324 total views
If you’re wondering how to combat the stresses introduced this term, you might consider getting to know licensed mindfulness coach Will Medd, who offers meditation sessions for students on campus. Speaking from his own experience as a student, Will knows that ‘it’s a stressful time as a student. There’s a lot of pressures on you!’ Sadly, such pressures are all too familiar for students; whether it be degree, home, or even family-related, it’s easy to get overwhelmed by stress and disquiet.
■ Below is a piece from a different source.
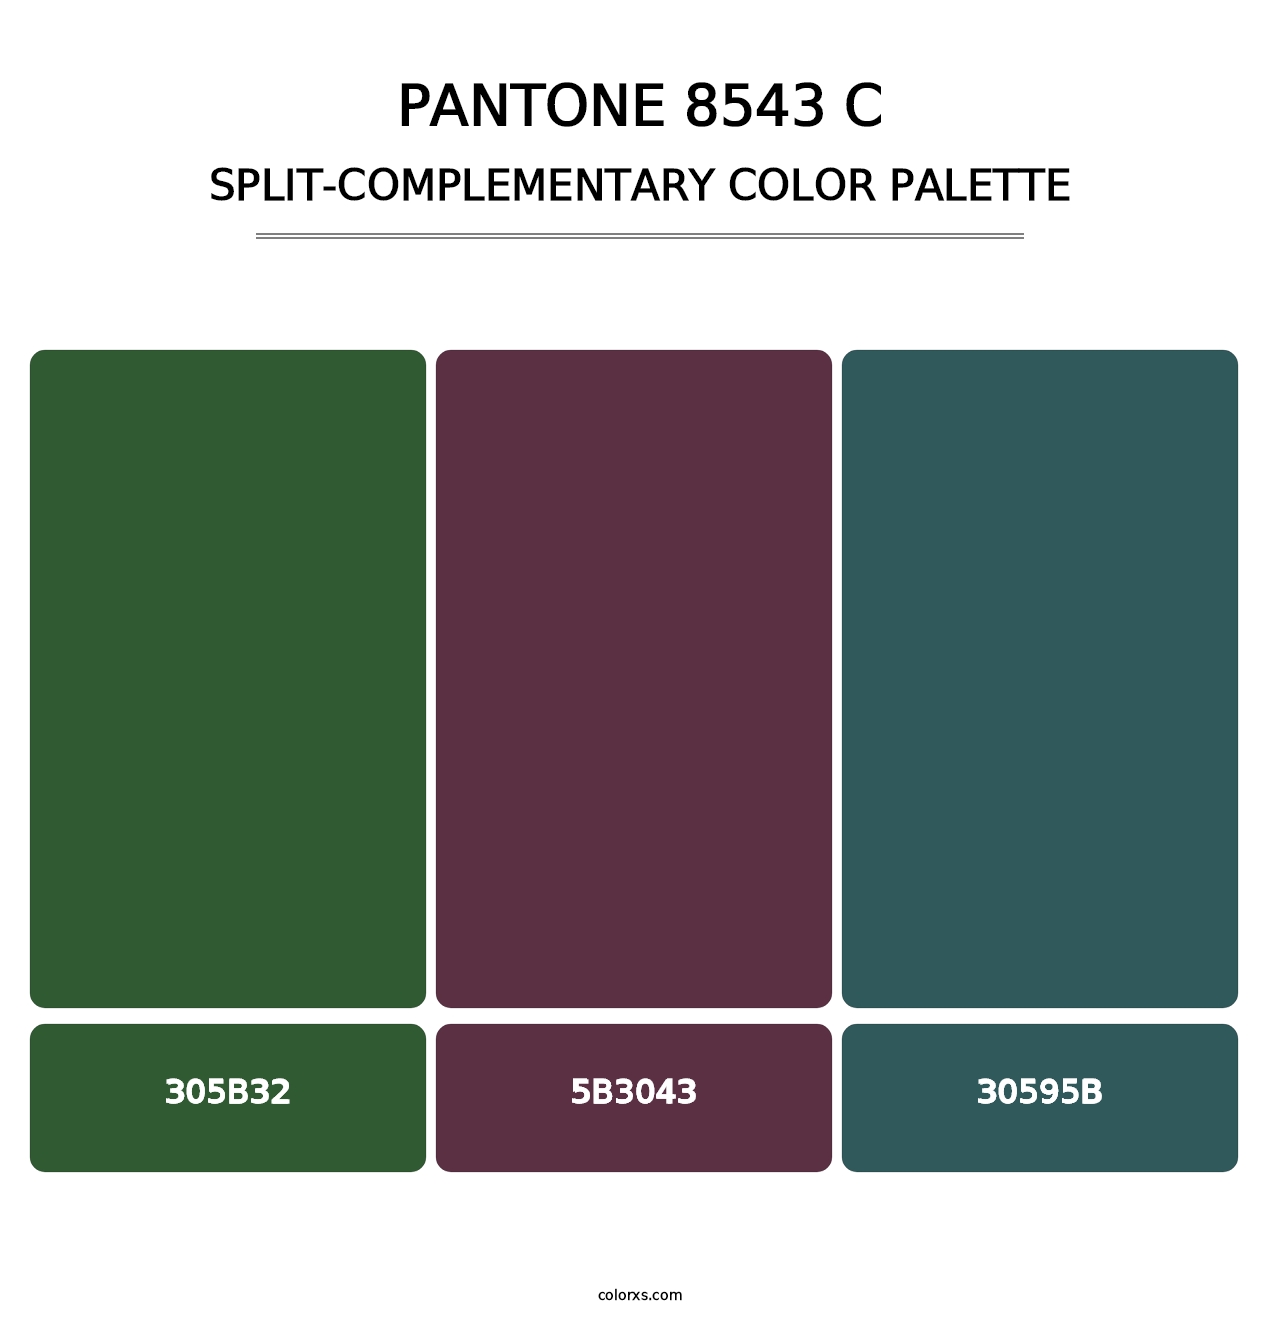 PANTONE 8543 C - Split-Complementary Color Palette

This is where meditation is said to help. Will says it can restore the ‘calm and clarity’ to your life by focusing on the here and now rather than worrying about ‘wanting a different future, or changing the past, or wishing we were somewhere else’, which is where Will says most of our disquiet and discomforts spring from. He goes on to say that meditation can even be helpful for physical pain or mental health issues, though is eager to stress it is not a cure, but merely another possible option to alleviate stress and understand your pain or issue in an alternative way. He uses an interesting allegory to describe how meditation can help; ‘If you broke your arm but you were in denial about that broken arm, then you wouldn’t do the things that were needed to mend it, and in a way, what meditation is doing is learning to say oh, hang on, what does a broken arm look like, let’s really pay attention to it and in doing that, what you need to do to mend it becomes really clear.’
Although all this sounds good, Will admits meditation can be difficult. However, there are many ways to try meditation to make it as accessible and enjoyable as possible, and learning to just give it a try and see how you find it is the main thing. You can meditate anywhere, and there are plenty of online courses for beginners to help you along. Will’s advice is to start off doing 5-10 minutes a day and progress from there: ‘the simplest form of meditation is to simply follow your breath and to observe your breath really closely, and to actually do that means sitting with alertness, not just stretched on the sofa, but sitting upright is important.’ If you would prefer a bit more guidance on meditation, Will is about to run a course in week 13 through Student-Based Services, with the central theme being personal resilience. Here, Will will be running an on-campus mindfulness course, but there will also be the option to sign up for an online course. Will says that this course is an ideal place to start for beginners of meditation, so if you’re interested, keep an eye out for information from the university. Will’s book, Get Sorted: How to Make the Most of Your Student Experience, co-written with Jeff Gill, also offers some interesting insights into mindfulness and meditation if you prefer a more theoretical approach to meditation.